The takeaway is straightforward: instead of trusting AI-generated citations at face value, researchers can validate claims against real indexed literature and use similarity-based matching to repair broken references—reducing the risk of citing nonexistent work and improving the reliability of academic writing.
Cornell Notes
sitely.ai is presented as a citation-verification tool for researchers who already have text and reference lists, especially when those materials were generated with AI. It offers two main functions: “Find Sources,” which matches up to 300 characters of a user’s paragraph to supporting papers in major academic databases, and “Verify References,” which cross-checks pasted citations for existence and bibliographic accuracy. Verification uses credit-based checks and returns similarity and match indicators such as title availability, author similarity (about 75% in one example), and date alignment. When a reference is missing or mismatched, the tool can suggest a closest alternative paper, helping users replace unreliable citations with real, indexed sources.
What problem does sitely.ai target in AI-assisted academic writing?
How does “Find Sources” work, and what does it produce?
What does “Verify References” check, and how is it priced?
What kinds of verification outcomes does the tool report?
How does the tool handle references that can’t be found or don’t match?
Review Questions
- When would a researcher choose “Find Sources” versus “Verify References”?
- What signals (e.g., DOI/title/author/date similarity) does sitely.ai use to decide whether a citation is verified or mismatched?
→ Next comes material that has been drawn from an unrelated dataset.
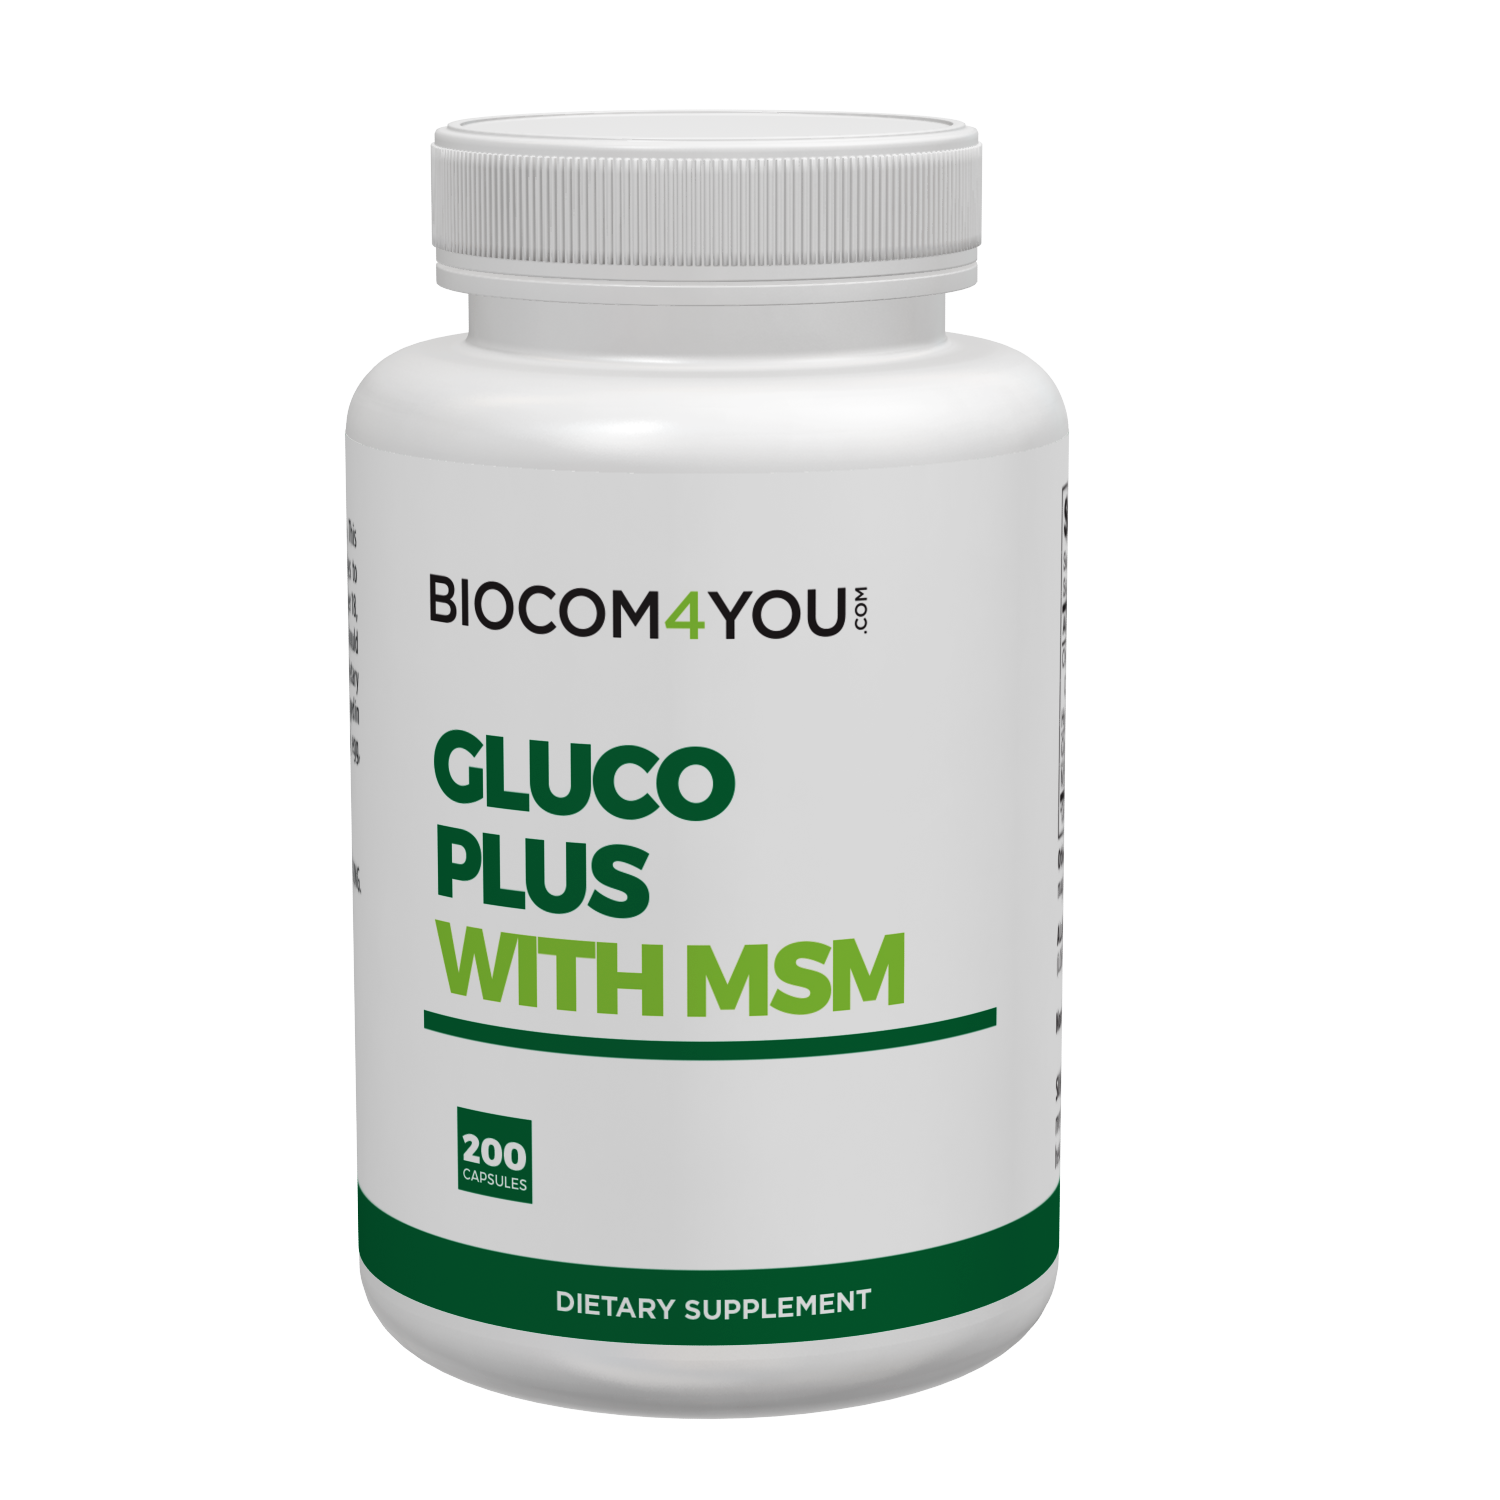 Gluco Plus with MSM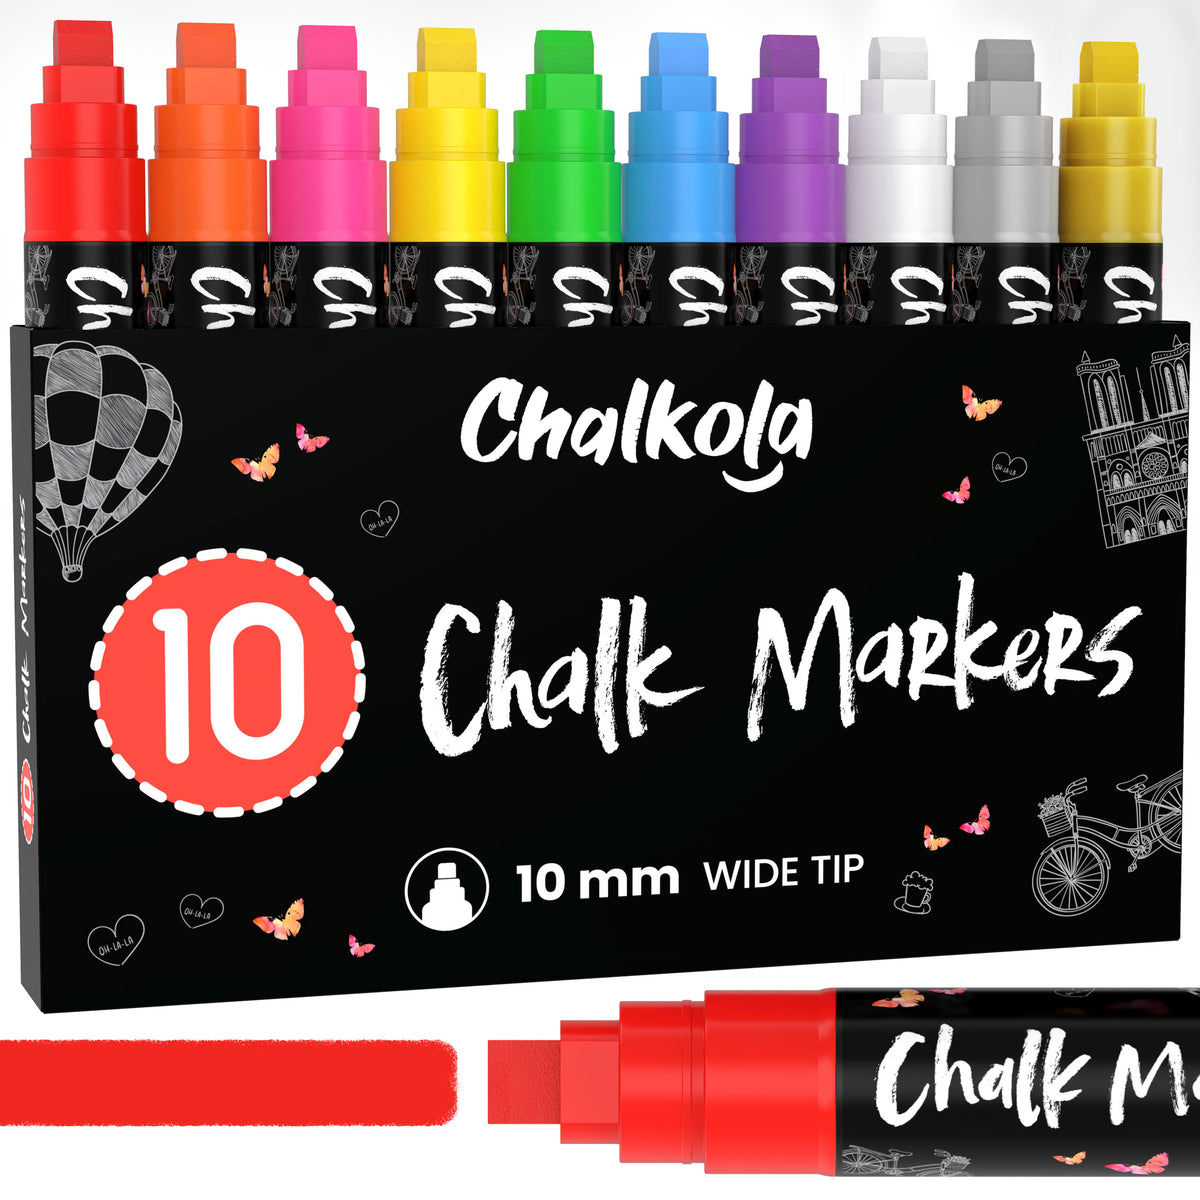 XMMSWDLA Bold Chalk Markers - Dry Erase Marker Pens - Liquid Chalk Markers  For Chalkboards, Signs, Windows, Blackboard, Glass, Mirrors - Chalkboard  Markers With Reversible Tip

- How does the credit-per-reference model influence how a user should plan a citation audit?
Key Points
- 1
sitely.ai is positioned as a citation verification tool, not a writing generator, aimed at preventing fabricated or nonexistent references.
- 2
“Find Sources” matches up to 300 characters of a user’s paragraph to supporting papers and lets users copy citations in a chosen format.
- 3
“Verify References” cross-checks pasted citations for existence and bibliographic accuracy using integrated academic databases such as Crossref, arXiv, OpenAlex, PubMed, and Semantic Scholar.
- 4
Verification is credit-based: each reference check costs one credit, so users should prioritize the citations most likely to be wrong.
- 5
Results include verified matches, mismatches (e.g., low title similarity and author differences), and not-found references.
- 6
When a reference fails verification, the tool can recommend the closest alternative paper to replace unreliable citations.